Information shown -
=-=-=-=-=
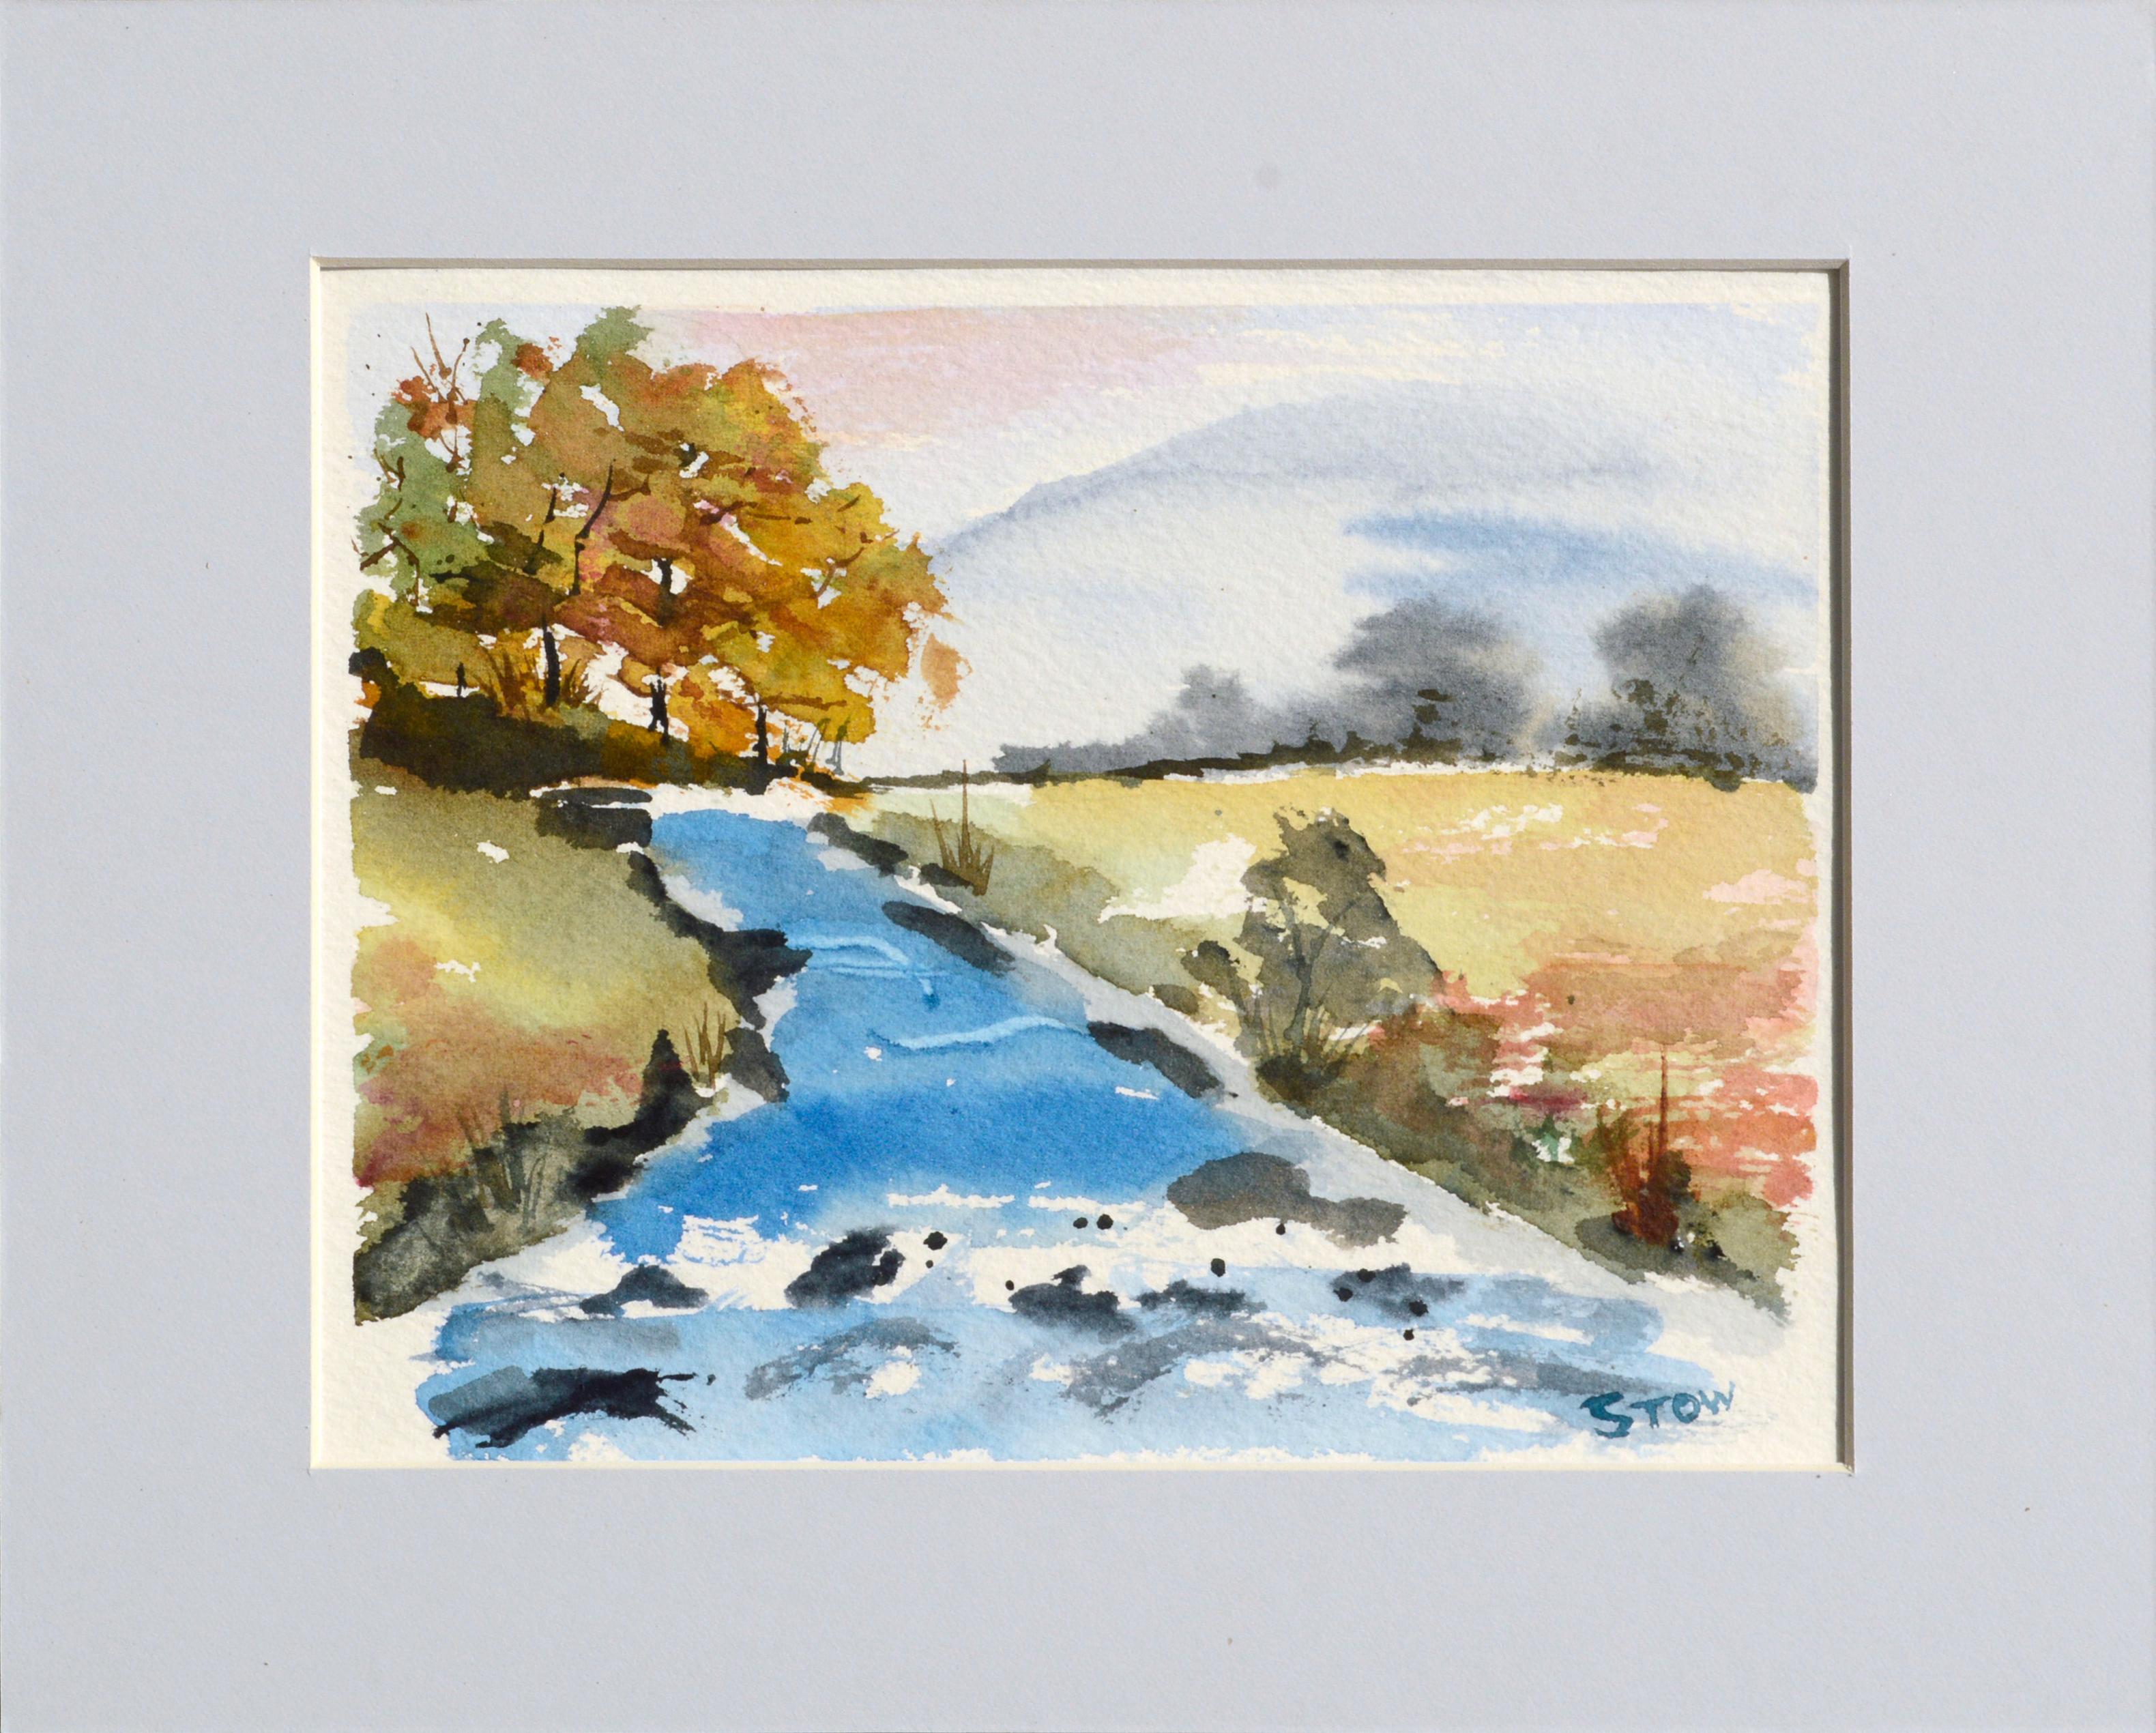 Stow Landscape Art - Stream in Autumn - Landscape
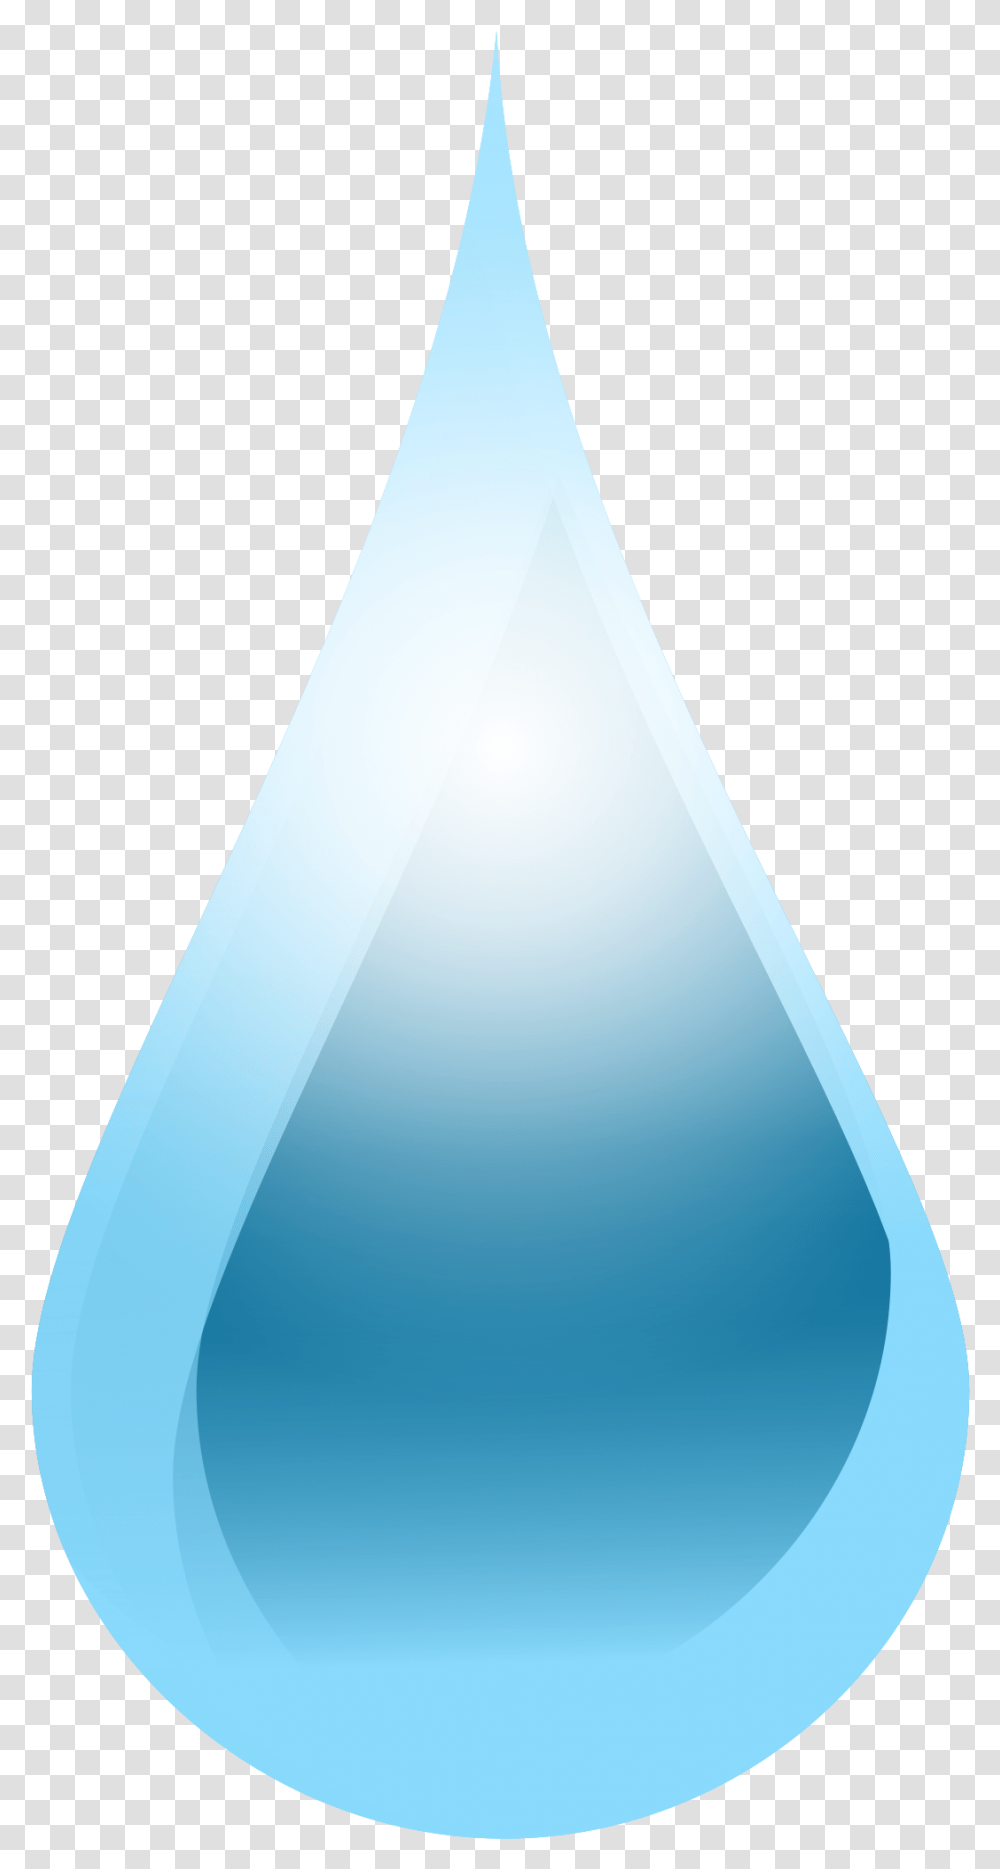 Download Svg Stock Drop Big Image Water Drop Image Gotas De Agua Dibujo, Droplet, Triangle, Plant, Cone Transparent Png
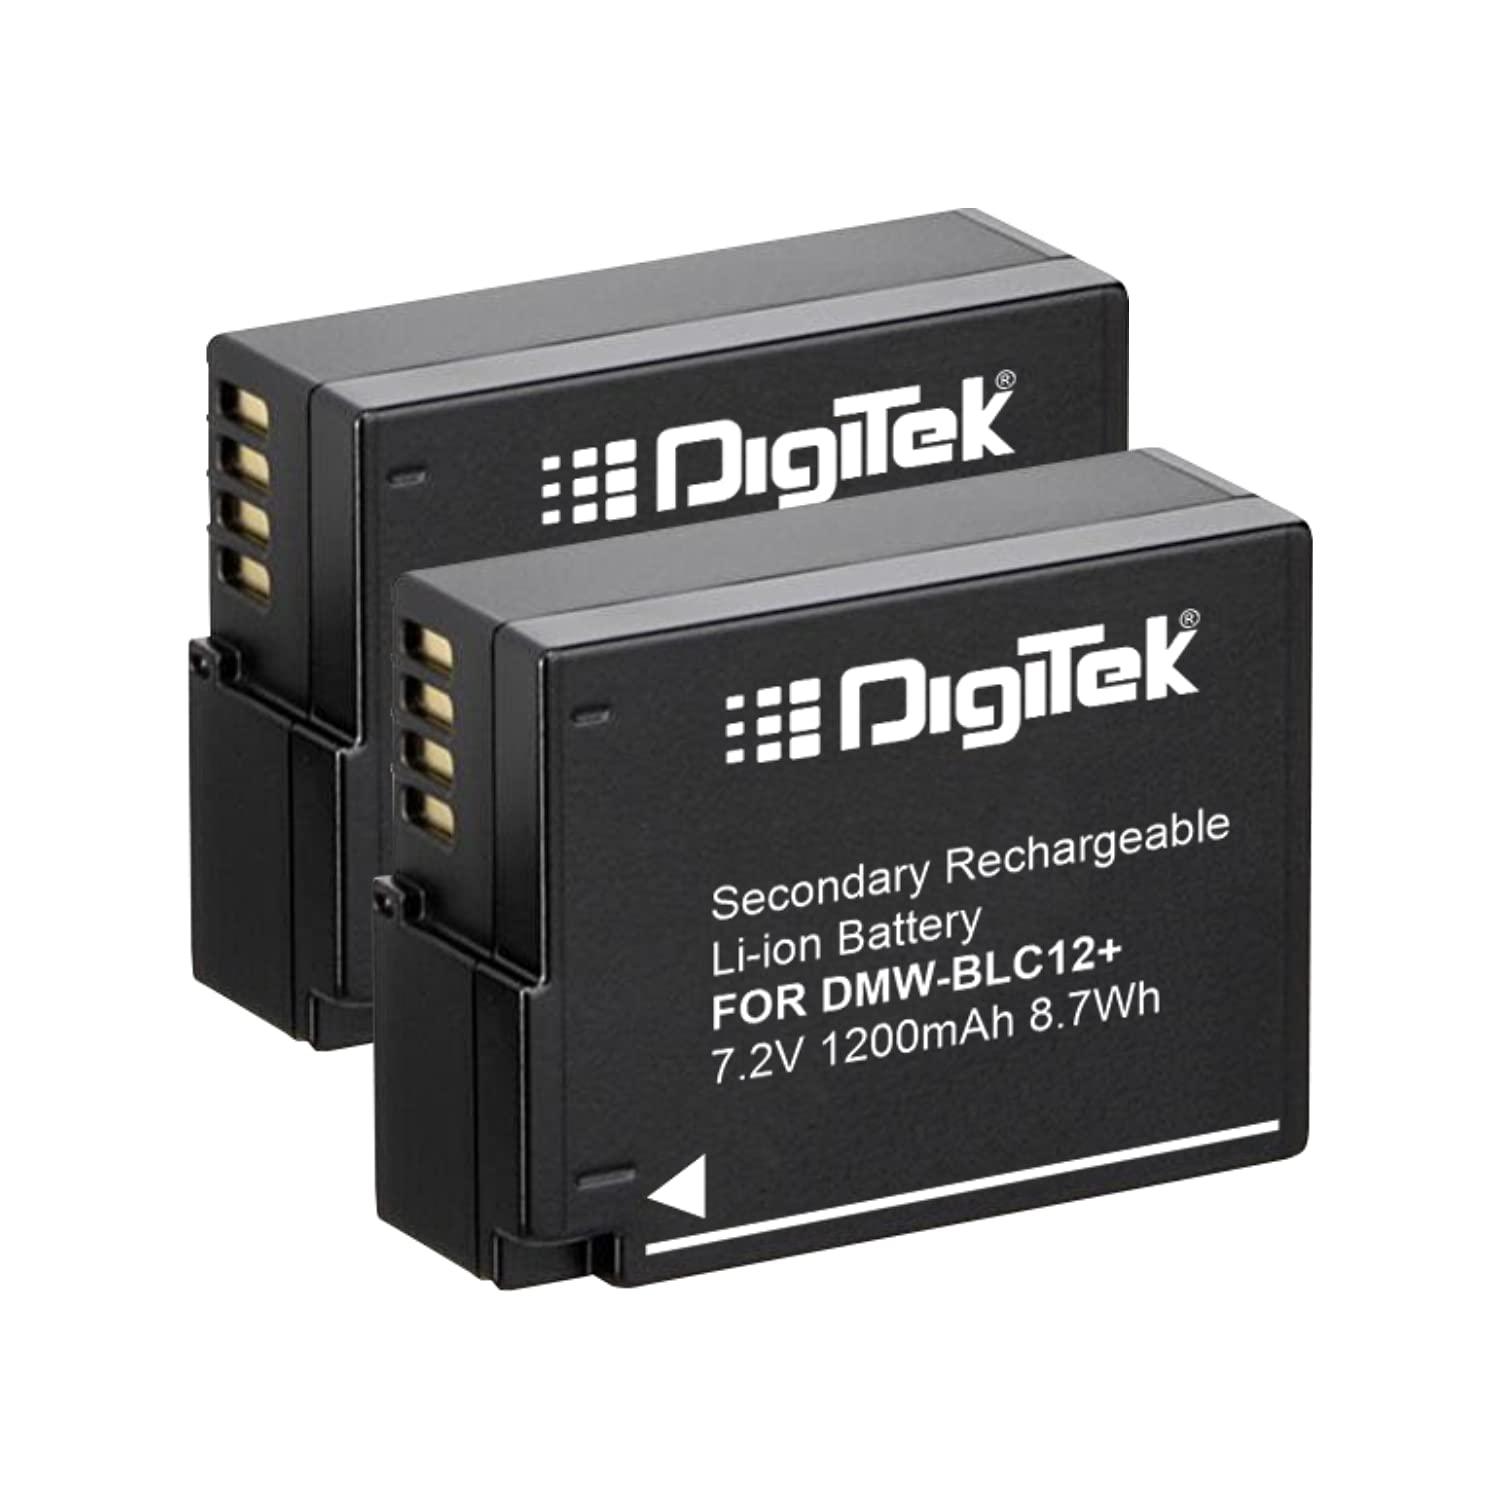 Digitek (DMW-BLC12+) Secondary Li-ion Rechargeable Battery for DMW-BLC12+ (7.2V, 1200mAh) - Digitek
=-=-=-=-=
Task statement - Please repeat all of the data exactly as it stands, leaving the pictures out.

Exercise response -
 Stow Landscape Art - Stream in Autumn - Landscape
 Download Svg Stock Drop Big Image Water Drop Image Gotas De Agua Dibujo, Droplet, Triangle, Plant, Cone Transparent Png
 Digitek (DMW-BLC12+) Secondary Li-ion Rechargeable Battery for DMW-BLC12+ (7.2V, 1200mAh) - Digitek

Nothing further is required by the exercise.